Soundbite of the week: Drawing battle lines
You may recall the US Office of Foreign Assets Control imposing sanctions on crypto mixing service Tornado Cash, alleging the platform helped launder billions of dollars worth of illicit funds linked to North Korea-backed criminal hackers.
Roman Storm, one of the developers behind the service, also faces a criminal trial to answer charges of money laundering and the violation of sanctions rules. He has pleaded not guilty.
Now he is seeking crowdfunding to pay for his defence.
Folks, I need your help. Whether you’re a passionate developer like me involved with Web 3, or you just care about software and privacy, this legal battle will affect you, so please help contribute to my legal defence because this case will set a major precedent for years to come.”
Data Mining: Ether falls with bitcoin
Bitcoin went on a four-month surge on expectations that the SEC would finally approve exchange traded funds. The second-largest cryptocurrency, ether, is also on the same regulatory journey — but its price isn’t enjoying the same boost.

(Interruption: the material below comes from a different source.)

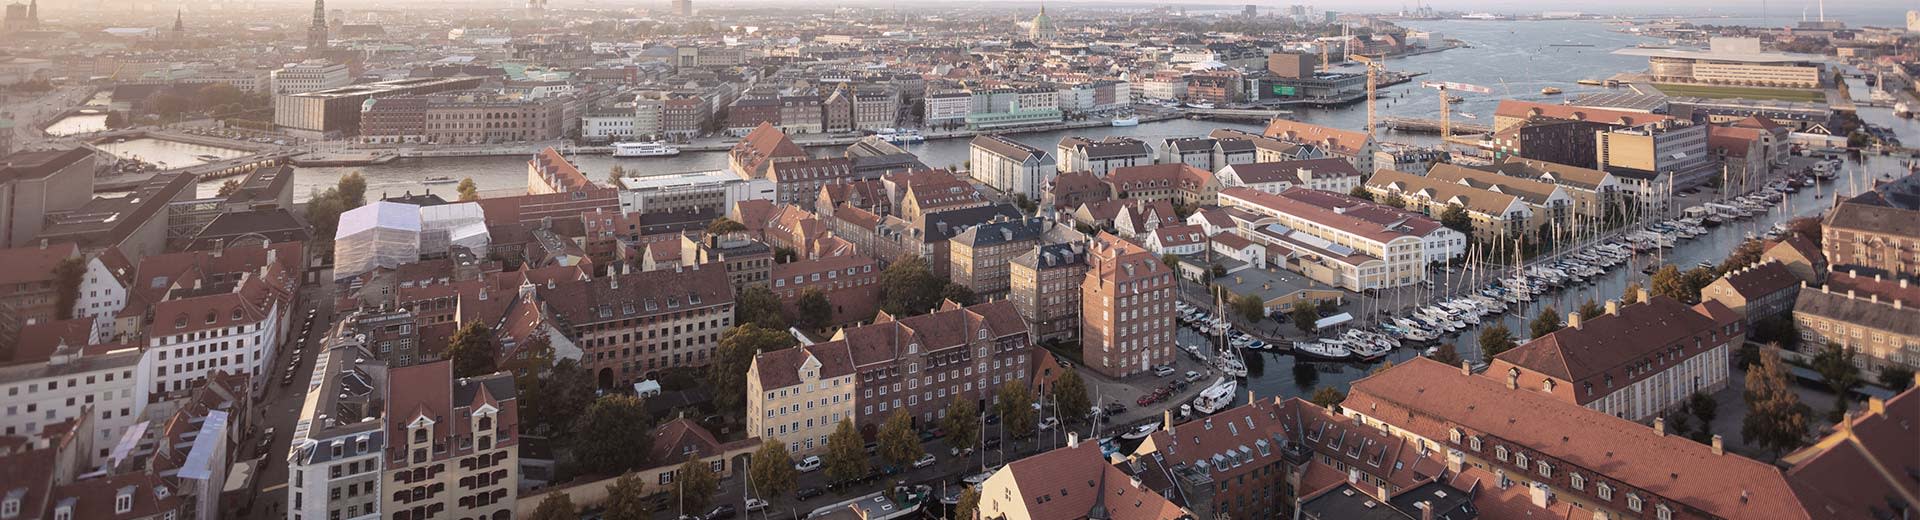 Die schönen und historischen Straßen von Kopenhagen an einem kalten und klaren Tag.
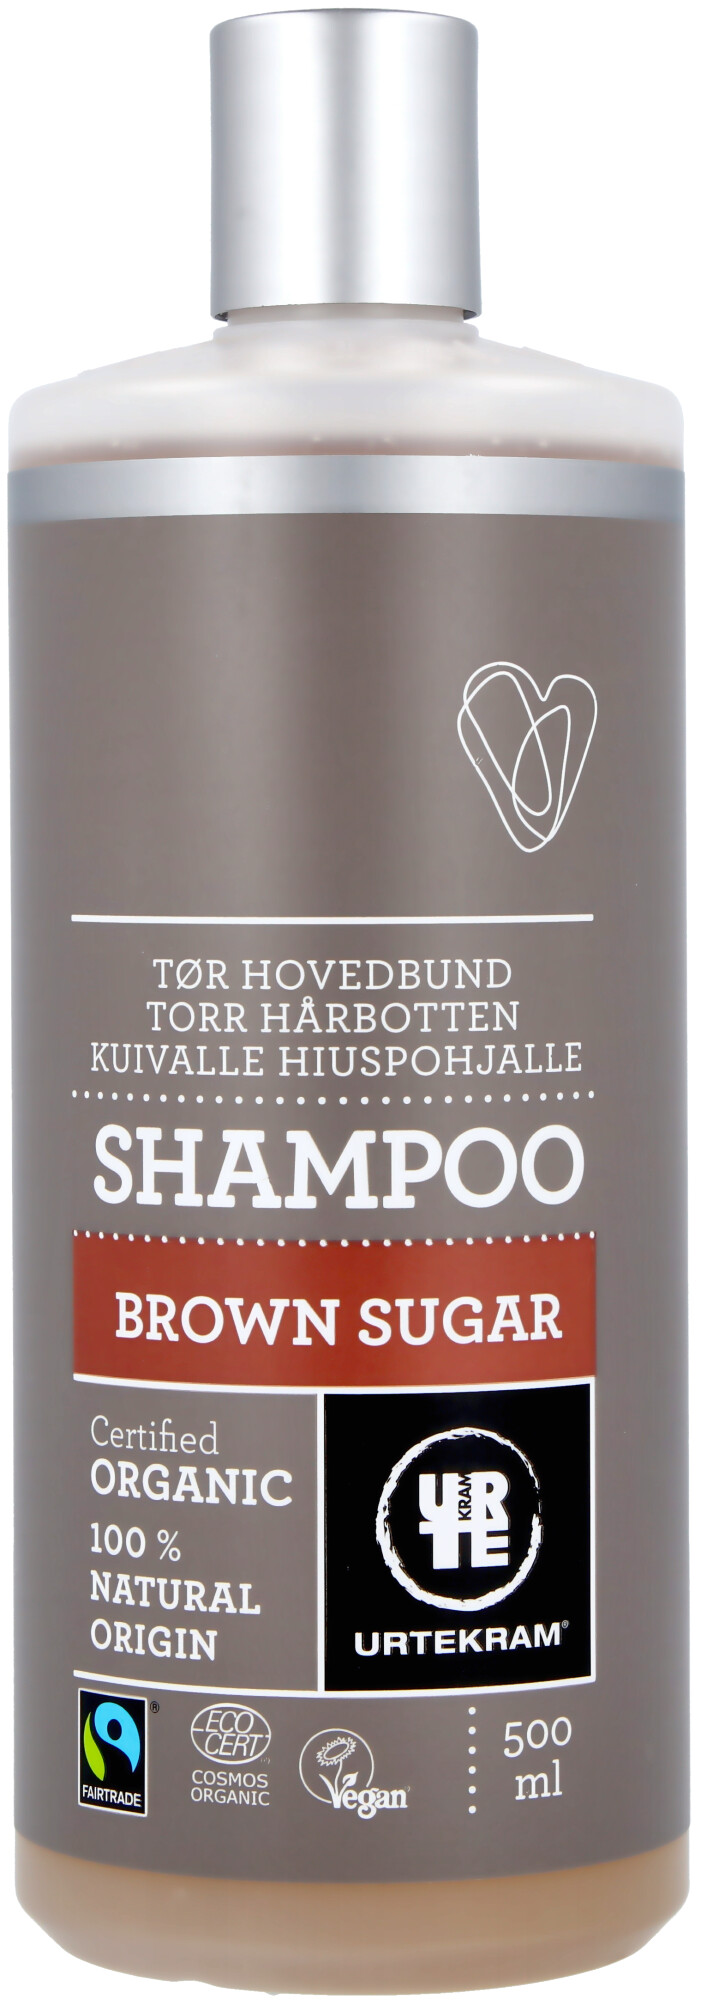 Urtekram Sugar Shampoo 500 lyko.com

Like bitcoin, it has dropped since the SEC approved the first spot crypto exchange traded funds. This week the SEC pushed back the date for approval of an ether ETF again but there’s still several months to go before the regulator runs out of road and has to make a decision.
But the market seems to have learned an important lesson: the approval of an exchange traded fund doesn’t necessarily mean the price of the underlying asset is going to fly. Who knew?